Он посмотрел на неё, на её бледное, осунувшееся лицо, и вздохнул, принимая её нежелание говорить. — Алён, в принципе… он жив, — Иван ткнул большим пальцем в сторону колдуна. — Поэтому я могу уже вызывать наряд? Просто… ты же его не убила, значит, судя по тому, что я вижу, скажем, что ты его выследила, но не смогла самостоятельно справиться, он тебя оглушил, а я подоспел. Хорошо?
Алёна лишь кивнула, чувствуя, как подкатывает тошнота от перенапряжения и остатков адреналина. Она отошла и присела на корточки, закрыв лицо руками. Иван тревожно спросил через плечо: — Всё в порядке? Тебе плохо?

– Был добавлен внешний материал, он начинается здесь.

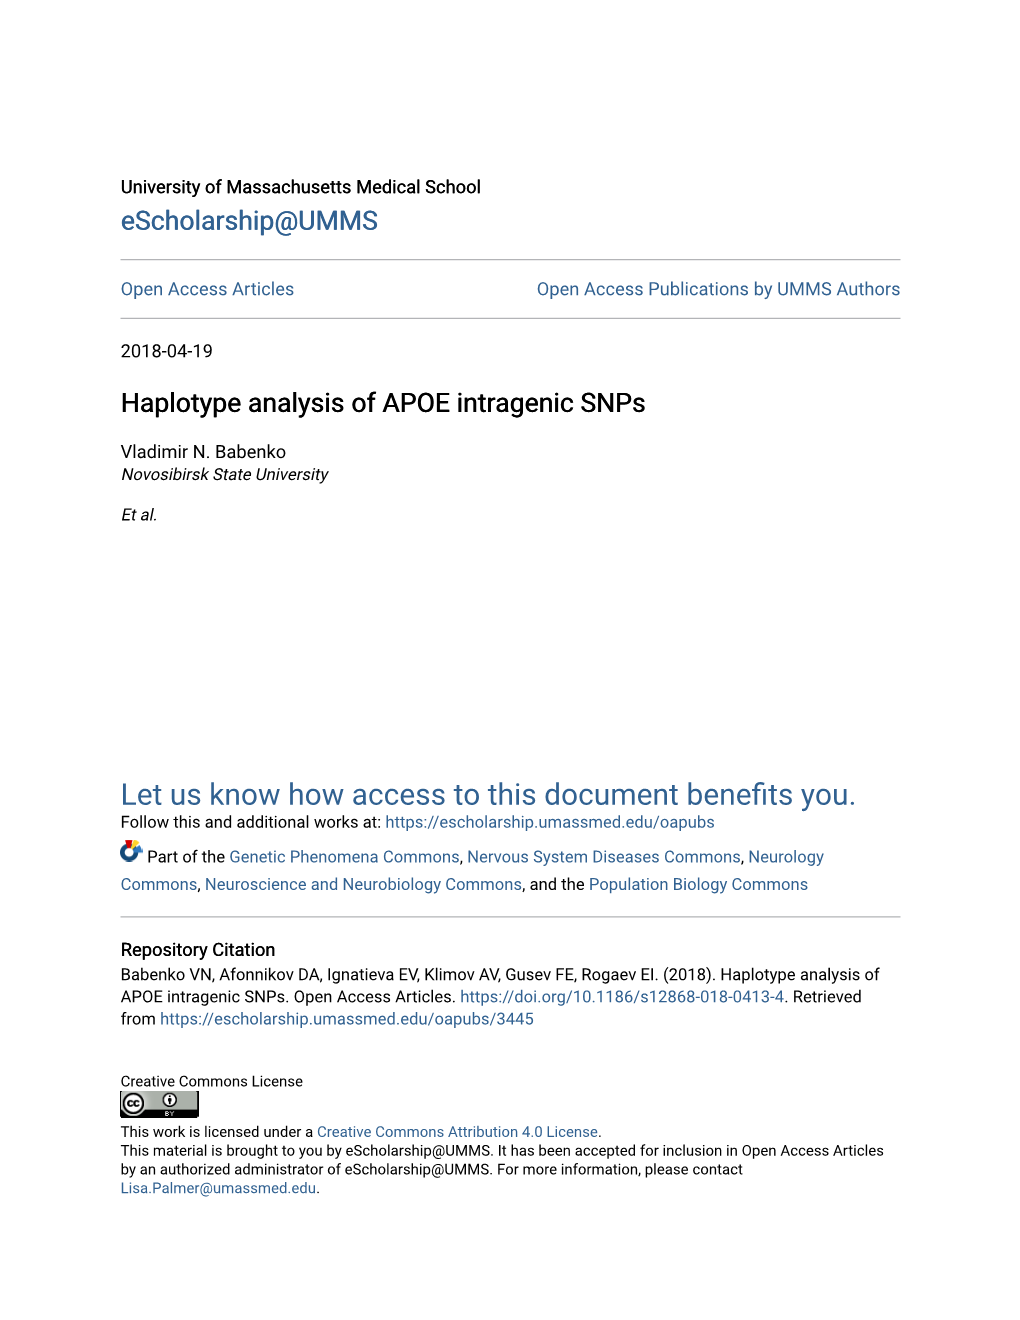 Haplotype Analysis of APOE Intragenic Snps

Алёна подняла руку, останавливая его, и сказала, не оборачиваясь: — Да, всё хорошо. Просто… тошнит.
Но это была ложь. Пока он отворачивался, чтобы достать телефон, она дрожащим указательным пальцем быстро начертила на внутренней стороне запястья маленькую, простейшую руну ? ПЛАМЯ. На долю секунды подушечка пальца обожглась, как от статического разряда, и в воздухе повис едва уловимый запах озона. Руна сработала. Сила была при ней. И тут же от краткой вспышки света над её ладонью поднялся лёгкий дымок, который донёс до её ушей, вернее, прямо до сознания, беззвучный и безразличный шёпот: «Девочка, за то, что ты мне показала, наказания не последует. Живи…»
Алёна замерла, пытаясь осознать, с чем же, с Кем она связалась? Что это за сущность, которой её месть показалась… интересной?
Поднявшись, она прислонилась к ржавой стене и слушала, как Иван чётко и по-деловому вызывает наряд, передавая координаты. Когда он закончил, она повторила вопрос, глядя на него: — Так как ты меня нашёл?
— Ну… — Иван провёл рукой по лицу. — Узнал, что вычислили настоящего маньяка. Меня отпустили, все извинения. Узнал подробности и про анонимный звонок. Все звонки в полицию записываются, а твой голос, — он слабо улыбнулся, — я узнаю из тысячи. — Он внезапно обнял её и прижал к себе, и Алёна почувствовала, как сильно бьётся его сердце. — Спасибо тебе, Алёна… Ты меня спасла. От тюрьмы. От всего.
Он говорил о тюрьме, о свободе. А она думала о белой, режущей боли в затылке и о пустоте, где раньше жили голоса Предков. Она обняла его в ответ, вжимаясь в его тёплое, живое тело, пытаясь согреть им лёд внутри себя.
— Я тоже рада, — выдохнула она, и в этих словах не было лжи, лишь бесконечная усталость. Она не жалела. Она совершила правосудие, став палачом. И эта тяжесть, тяжесть сломанной куклы и выжженной памяти, теперь навсегда останется с ней. Она не простила бы себя никогда.
— Продолжай уже, — смущённо пробормотала она, уткнувшись лицом в его куртку, и ощутила его нежный, быстрый поцелуй в щёку.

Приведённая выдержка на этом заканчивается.